You may recall my fellow columnist Charly Kühnast talked about arpalert [4] previously [2]. The daemon monitors ARP requests and com-pares their MAC addresses with a whitelist.
Unknown MAC addresses trigger an alert. However, duplicate alerts can occur for the same incident, and the accompanying documentation leaves much to be desired.
Luckily, the Net::Pcap and NetPacket::Ethernet modules from CPAN make it fairly easy to craft a Perl script to extract the MAC address from the packets whizzing around on your LAN.
Rose, the object-oriented database mapper, provides an easy way to store the data you harvest in a MySQL database, which you can review later when you have time. If you need to determine which devices have been active on your LAN in, say, the last 24 hours, you can simply call the script lastaccess (shown later in Listing 6), which produces the output shown in Figure 1.
Just like the graphical network sniffer, capture, which I discussed in issue 49 ([3]), the arpcollect script in Listing 1 first switches the network card in your computer to promiscuous mode. In this mode, the card not only picks up packets addressed to it, but passes any packets it finds to the sniffing script.
Listing 1: arpcollect |
01 #!/usr/bin/perl -w 02 use strict; 03 use Net::Pcap; 04 use NetPacket::IP; 05 use NetPacket::Ethernet; 06 use Socket; 07 use WatchLAN; 08 09 die "You need to be root ", 10 "to run this.\n" 11 if $> != 0; 12 13 my($err, $netaddr, $netmask); 14 15 my $dev = 16 Net::Pcap::lookupdev(\$err); 17 18 Net::Pcap::lookupnet($dev, 19 \$netaddr, \$netmask, \$err) 20 and die 21 "lookupnet $dev failed ($!)"; 22 23 my $object = 24 Net::Pcap::open_live($dev, 25 128, 1, -1, \$err); 26 27 my $db = WatchLAN->new(); 28 29 Net::Pcap::loop($object, -1, 30 \&callback, 31 [ $netaddr, $netmask ]); 32 33 ############################# 34 sub callback { 35 ############################# 36 my ($user_data, $hdr, 37 $raw_packet) = @_; 38 39 my ($netaddr, $netmask) = 40 @$user_data; 41 42 my $packet = 43 NetPacket::Ethernet 44 ->decode($raw_packet); 45 46 my $src_mac = 47 $packet->{src_mac}; 48 49 # Add separating colons 50 $src_mac =~ 51 s/(..)(?!$)/$1:/g; 52 53 my $edata = 54 NetPacket::Ethernet::strip 55 ($raw_packet); 56 57 my $ip = 58 NetPacket::IP->decode( 59 $edata); 60 61 # Coming from local network? 62 if ( 63 ( inet_aton($ip->{src_ip}) & 64 pack('N', $netmask) 65 ) eq pack('N', $netaddr) 66 ) { 67 $db->event_add($src_mac, 68 $ip->{src_ip}); 69 } 70 } |
Root privileges are required for this, and line 11 checks for them. If you do not have root privileges, the script simply quits with an error message.

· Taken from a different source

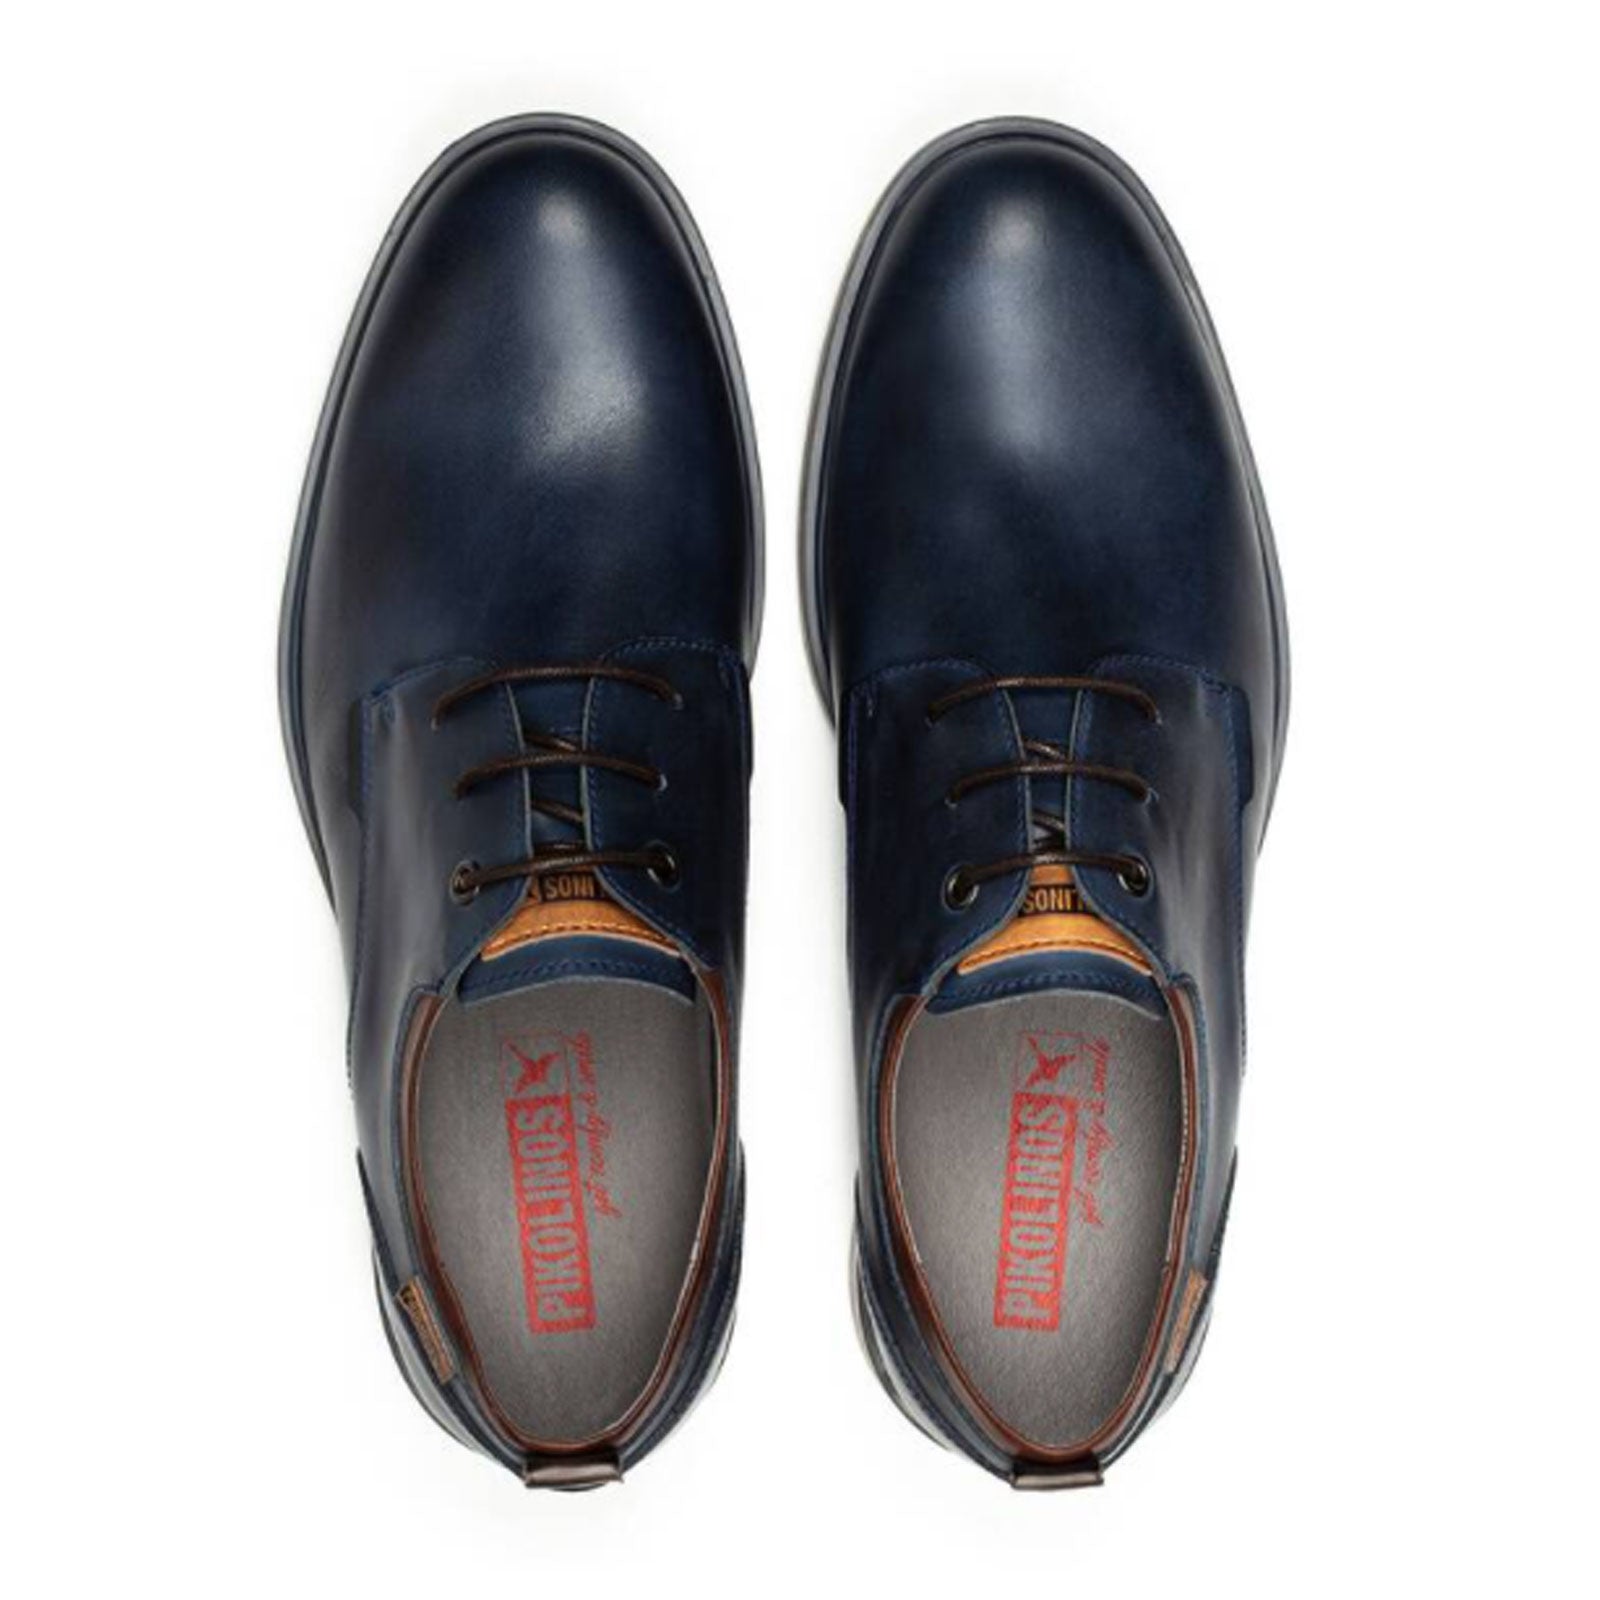 Pikolinos Corcega M2P-4325 Lace-up (Men) - Blue Dress-Casual - Oxfords - The Heel Shoe Fitters
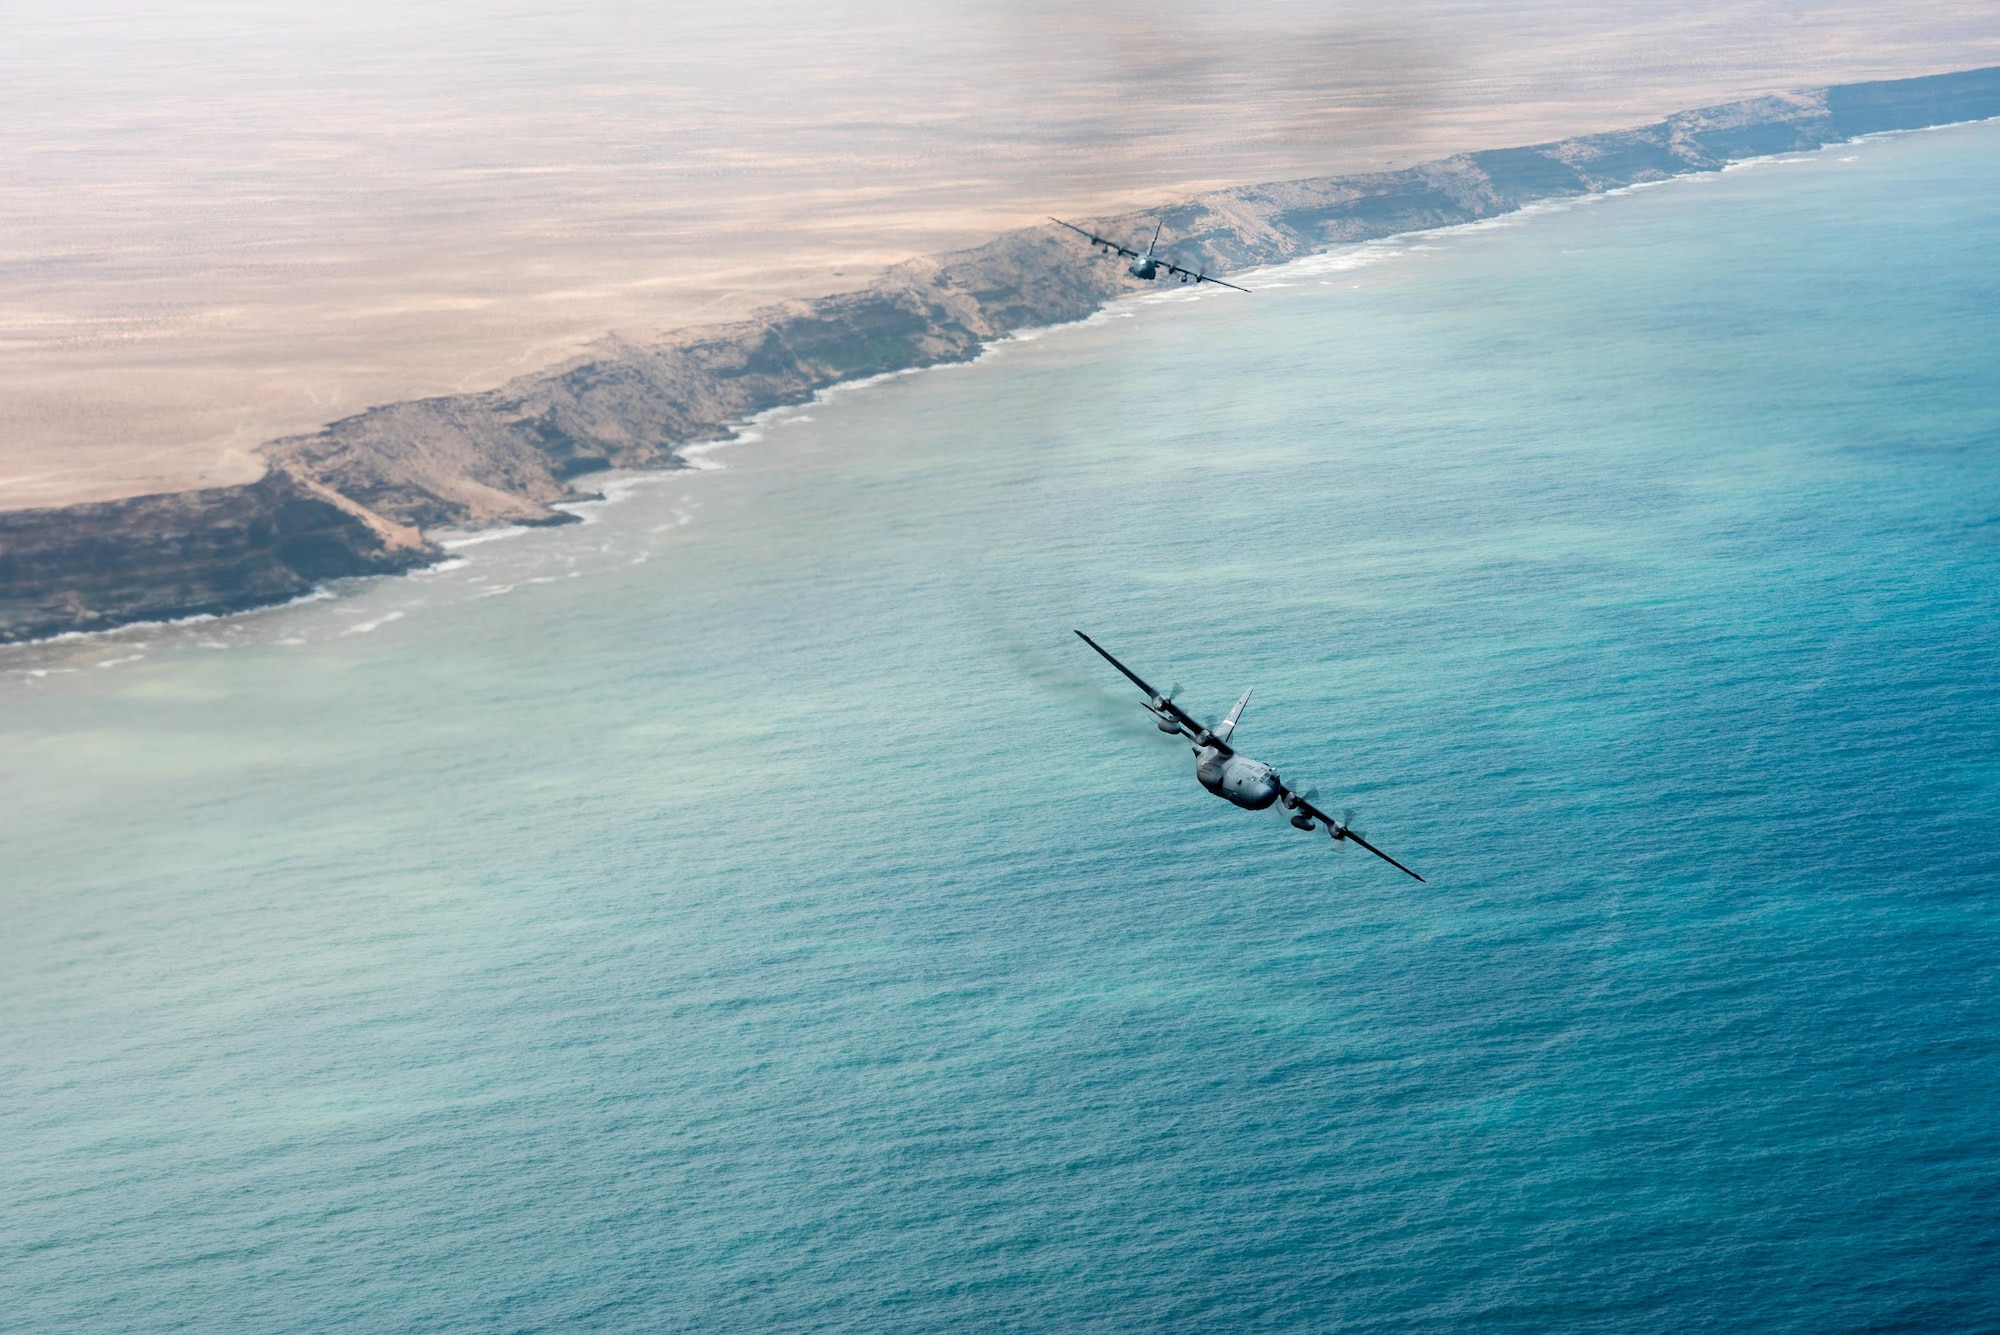 Two Kentucky Air National Guard C-130 Hercules fly over the coast of North Africa on April 25, 2017. Various units from the U.S. Marine Corps, U.S. Army, U.S. Navy, U.S. Air Force and the Kentucky and Utah Air National Guards will conduct multilateral and stability operations training with units from the Royal Moroccan Armed Forces in the Kingdom of Morocco. This combined multilateral exercise is designed to improve interoperability and mutual understanding of each nation’s tactics, techniques and procedures while demonstrating the strong bond between the nation’s militaries. (U.S. Air Force photo by Master Sgt. Phil Speck)

The lookupdev() function called in line 16 returns the name of the first available network device. If you only have one NIC, this will be "eth0".
The following call to open_live() enters an infinite loop (the timeout has been disabled with a value of -1), which reads the first 128 bytes of every incoming packet, and then immediately calls the callback function.
The function is passed both to the local network address and mask in $user_data, and the raw data for the packet in $raw_packet.
The NetPacket::Ethernet module decodes the Ethernet frame, and it reveals the hex-formatted MAC source address in the src_mac hash key.
As the address does not yet include the typical colon separators after every second digit, line 50 uses a regular expression to insert the separators.
In lines 62 through 65, arpcollect references the packet's IP address to check whether the packet originated with a device on the local network.
It discovers the IP address by reading the Ethernet packet payload, which is extracted by the NetPacket::Ethernet module's strip() function. The resulting raw IP packet is unpacked by the NetPacket::IP module's decode() function and the IP source address is revealed by the src_ip hash key.
If a bitwise AND of the IP address and the network address returns the network address, we can then assume the packet was sent by a device on the local network and that it is relevant for further processing.
The event_add() method of the WatchLAN database object accepts the IP address and the MAC address and drops them into the database for later analysis.
The WatchLAN.pm module implements the storage layer. It would be impractical to write each packet to the database straight away; this would involve multiple write operations per second, even on a low-activity network. Additionally, a table with millions of lines would consume valuable disk space and computational resources.
This is the reason why WatchLAN.pm (see Listing 3) first stores the incoming packet addresses in a temporary hash, which is then transferred to the database once every minute.
A counter is incremented for each IP/MAC combination and stored in the counter column of the activity database table by the cache_flush() method. The flush_interval parameter in the WatchLAN constructor determines how often the cache is flushed.
The future date of the next flush operation is calculated by adding flush_interval to the current time and stored in the instance variable next_update.
Listing 2 shows the shell commands that are needed in order to create a new MySQL database.
Listing 2: New database |
01 #!/bin/sh 02 DBNAME=watchlan 03 mysqladmin -f -uroot drop U $DBNAME 04 mysqladmin -uroot create U $DBNAME 05 mysql -uroot $DBNAME <sql.txt |
The SQL commands to set up all used tables (Figure 2) are in a separate file sql.txt, shown in Figure 3.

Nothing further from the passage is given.